All ideas tagged "nutrition"

#4226

 · 
vanilla

Celery, a comestible which uniquely has negative nutrition (because in real life, it takes a human body more calories to digest the celery than are in the celery.) The main use of this negative nutrition is to unsatiate yourself so you can continue eating other food.

It should be a large amount of negative nutrition in order to be worthwhile, but at the same time shouldn’t be instadeath for unsuspecting new players by immediately starving them. To that end, special case it so that it does not harm you if you are Hungry or worse, is worth -30 nutrition if “not hungry”, and is worth more negative nutrition if Satiated, possibly scaling up the more satiated you are.

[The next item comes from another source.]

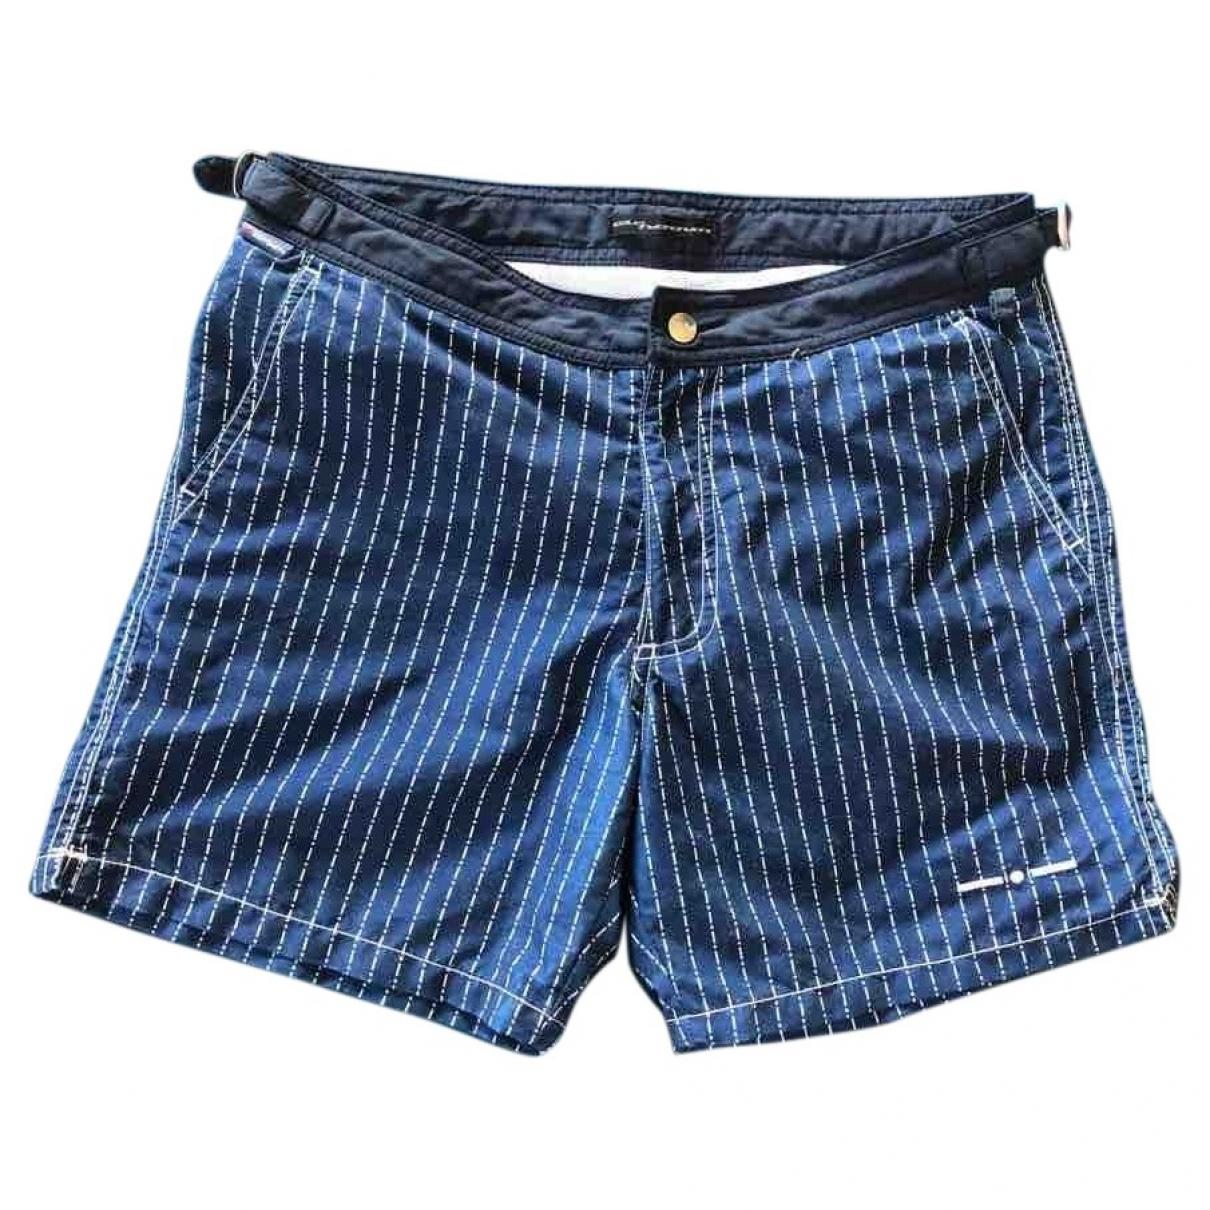 Mc2 Saint Barth \N Blue Cotton - elasthane Swimwear for Men S International
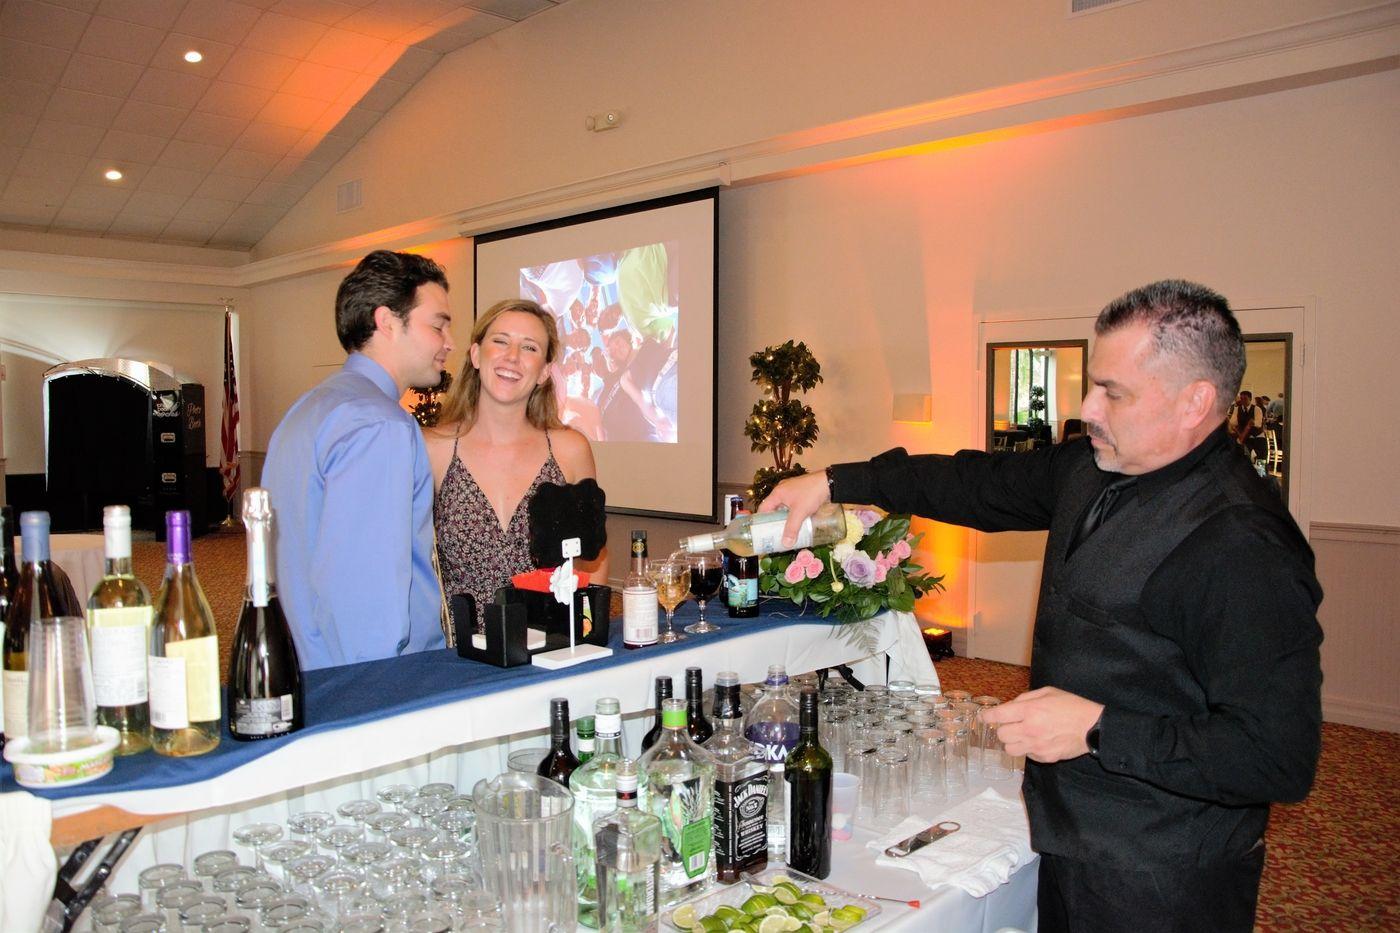 Ipw Reception Corporate Event Photographyorlando Wedding: Wedding Reception Catering

Depending on implemenetation, it could either be safe or unsafe to eat when oversatiated - realism dictates it should be unsafe to eat, but gameplay dictates it would be useful in fewer situations unless it is always safe to eat. Or have it count as a small positive nutritional value assessed before maybe choking, followed by a large negative nutritional value assessed after you didn’t choke.

Knights still incur alignment penalties for eating celery while satiated.

The celery also crunches loudly whenever eating it, so it wakes up nearby sleeping monsters.

#4184

 · 
vanilla

Everlasting gobstopper, a food item that you start sucking on when you eat it, providing a constant d2 nutrition per turn. It never gets used up, but once you spit it out (by choosing to eat something else or by using “-“ with the eat command) it is no good anymore and gets used up. If you get oversatiated by not spitting it out, you can indeed choke and die on it.

#4078

 · 
vanilla

Cornuthaums give a lesser reduced-hunger casting benefit to non-Wizards who wear them. They also improve reduced-hunger casting for Wizards.

#4032

 · 
vanilla

Becoming hungry or weak does not interrupt opening a tin, though it continues to interrupt all other occupations.

#4030

 · 
EvilHack

Your chance of sucking an opponent’s brain increases the hungrier you get.

#4011

 · 
vanilla

When monks are weak from hunger, they don’t lose any Strength, due to being experienced with fasting.

#4002

 · 
vanilla

Lemures have some sort of debuff that they give you such as sapping your nutrition when nearby. This stacks with other lemures, so it is insignificant if you are facing only one or two, but can get perilous if you are surrounded by a lot of them, as may happen in Gehennom.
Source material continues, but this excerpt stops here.